How to complete this task: Only one stretch of the records below is wanted: the lines from the one holding "aloumina-cerve" through the one holding "Junk removal in dubai logo". Return it exactly, both ends included.

Record extracts:
»»
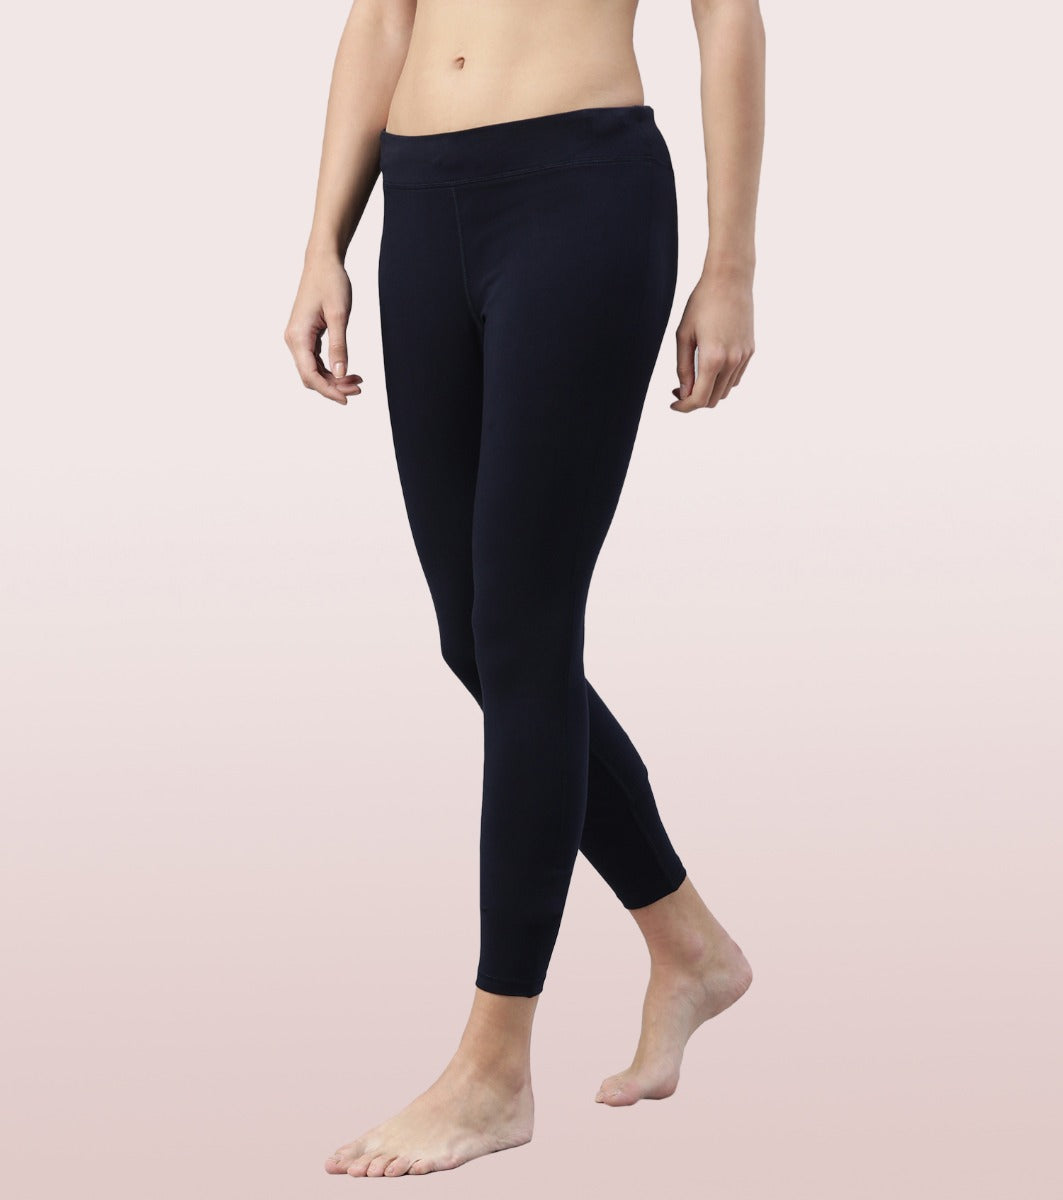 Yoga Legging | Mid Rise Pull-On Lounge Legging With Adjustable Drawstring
««
»»
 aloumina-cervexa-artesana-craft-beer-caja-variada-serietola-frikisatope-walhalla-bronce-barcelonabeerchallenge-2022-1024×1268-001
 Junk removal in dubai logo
««
»»
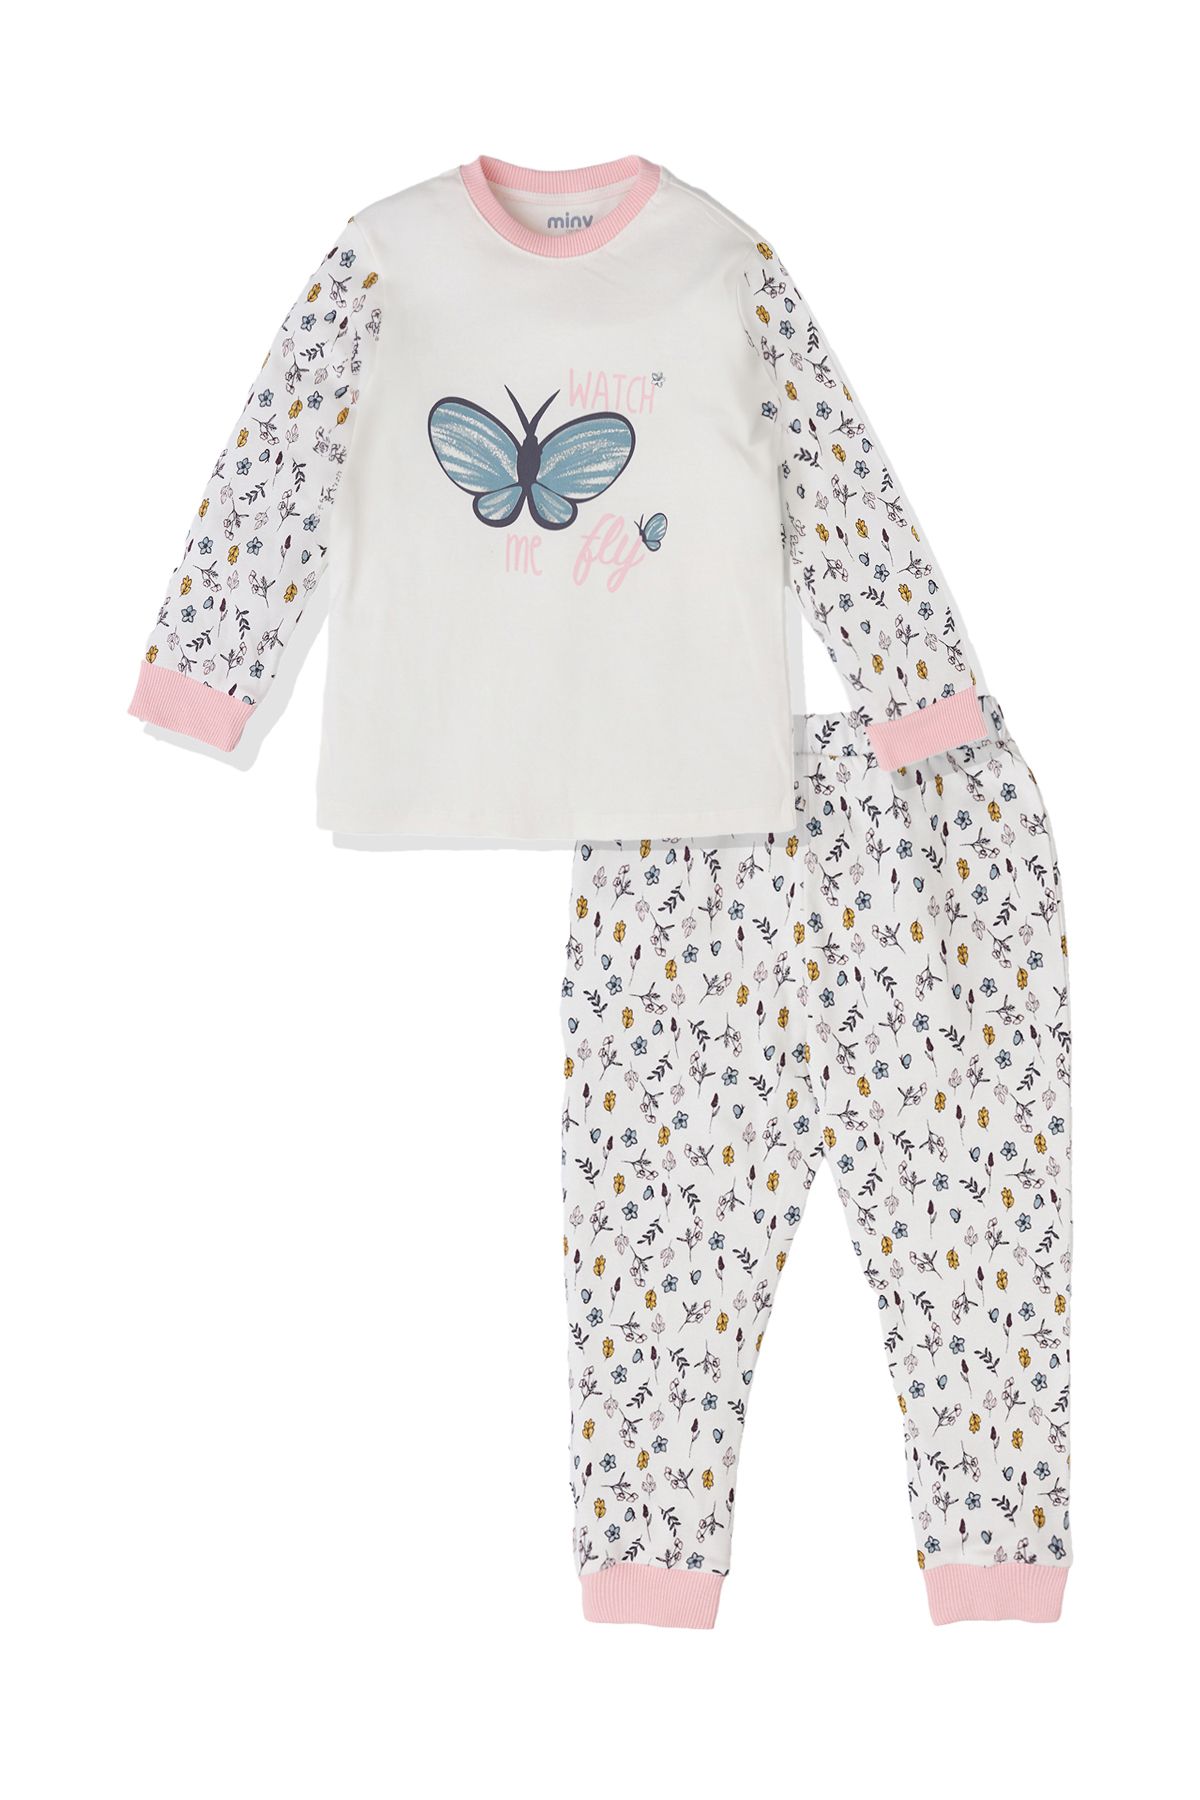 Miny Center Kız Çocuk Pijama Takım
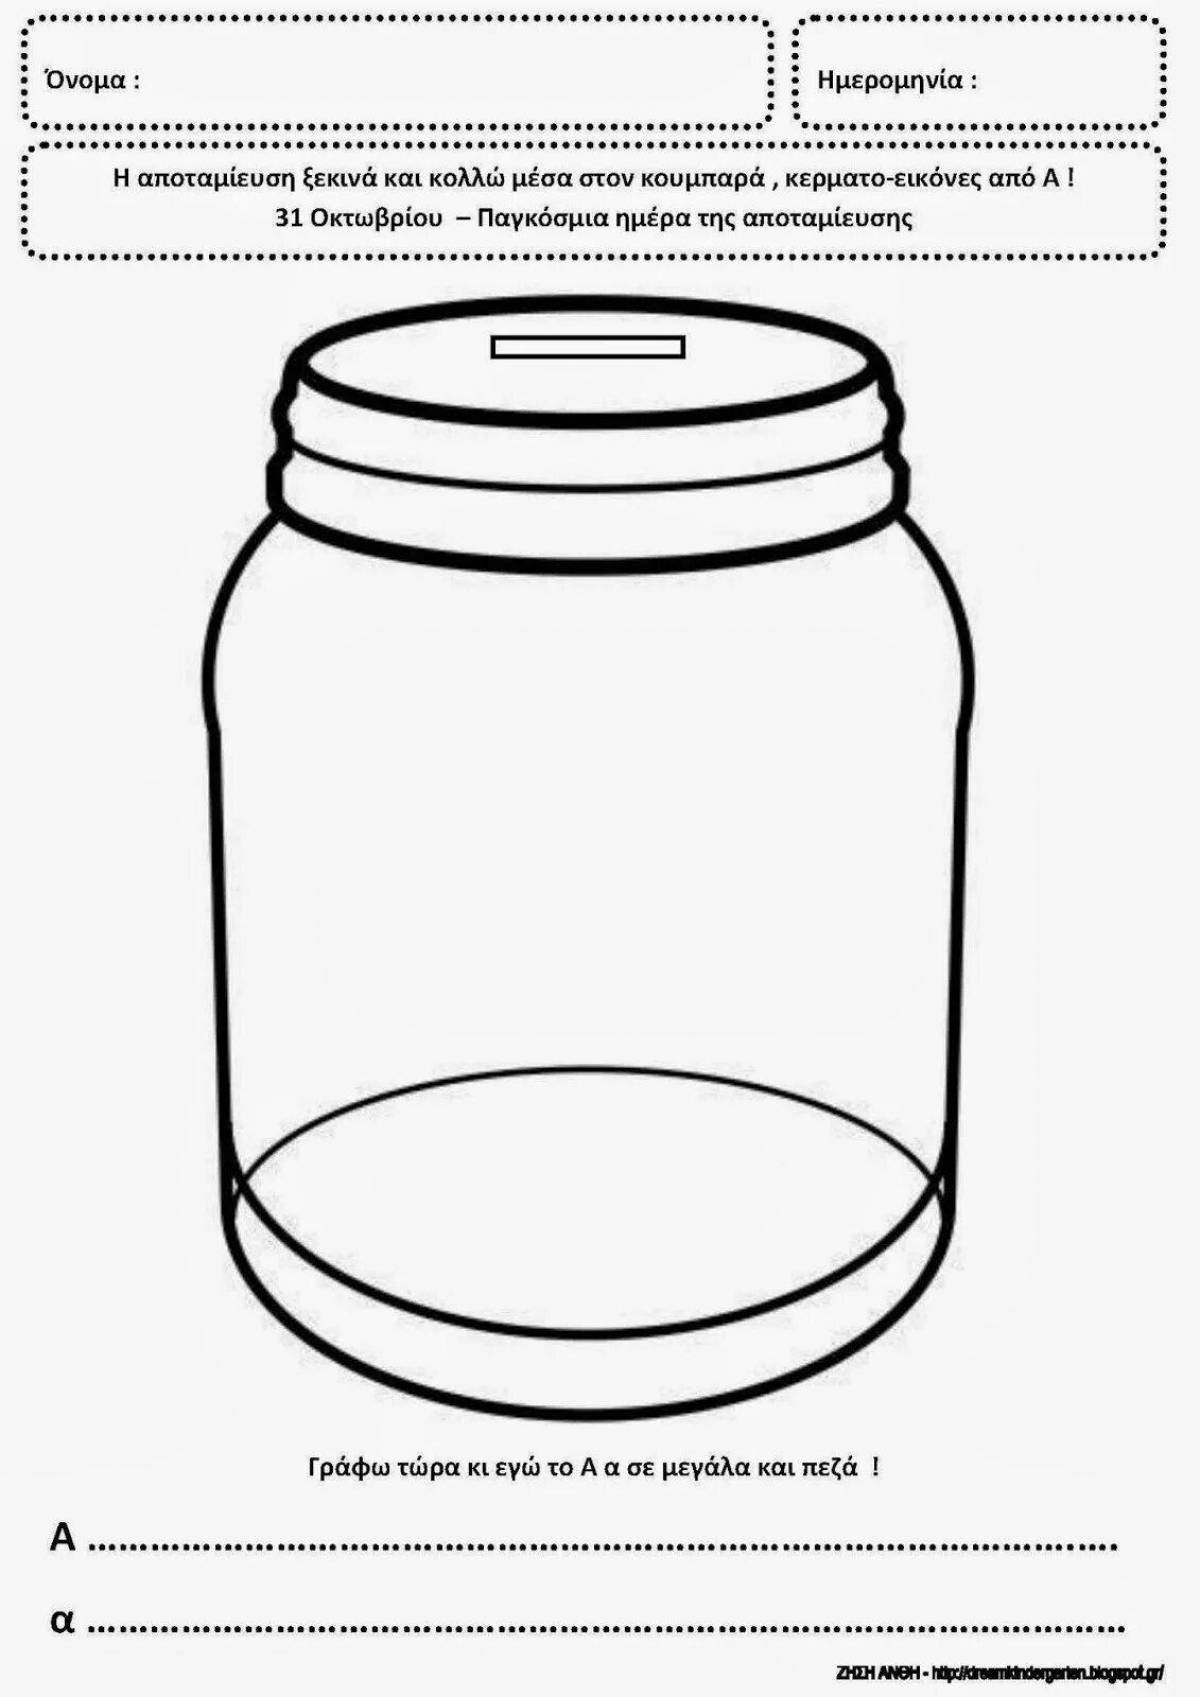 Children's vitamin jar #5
««
Answer section:
 aloumina-cervexa-artesana-craft-beer-caja-variada-serietola-frikisatope-walhalla-bronce-barcelonabeerchallenge-2022-1024×1268-001
 Junk removal in dubai logo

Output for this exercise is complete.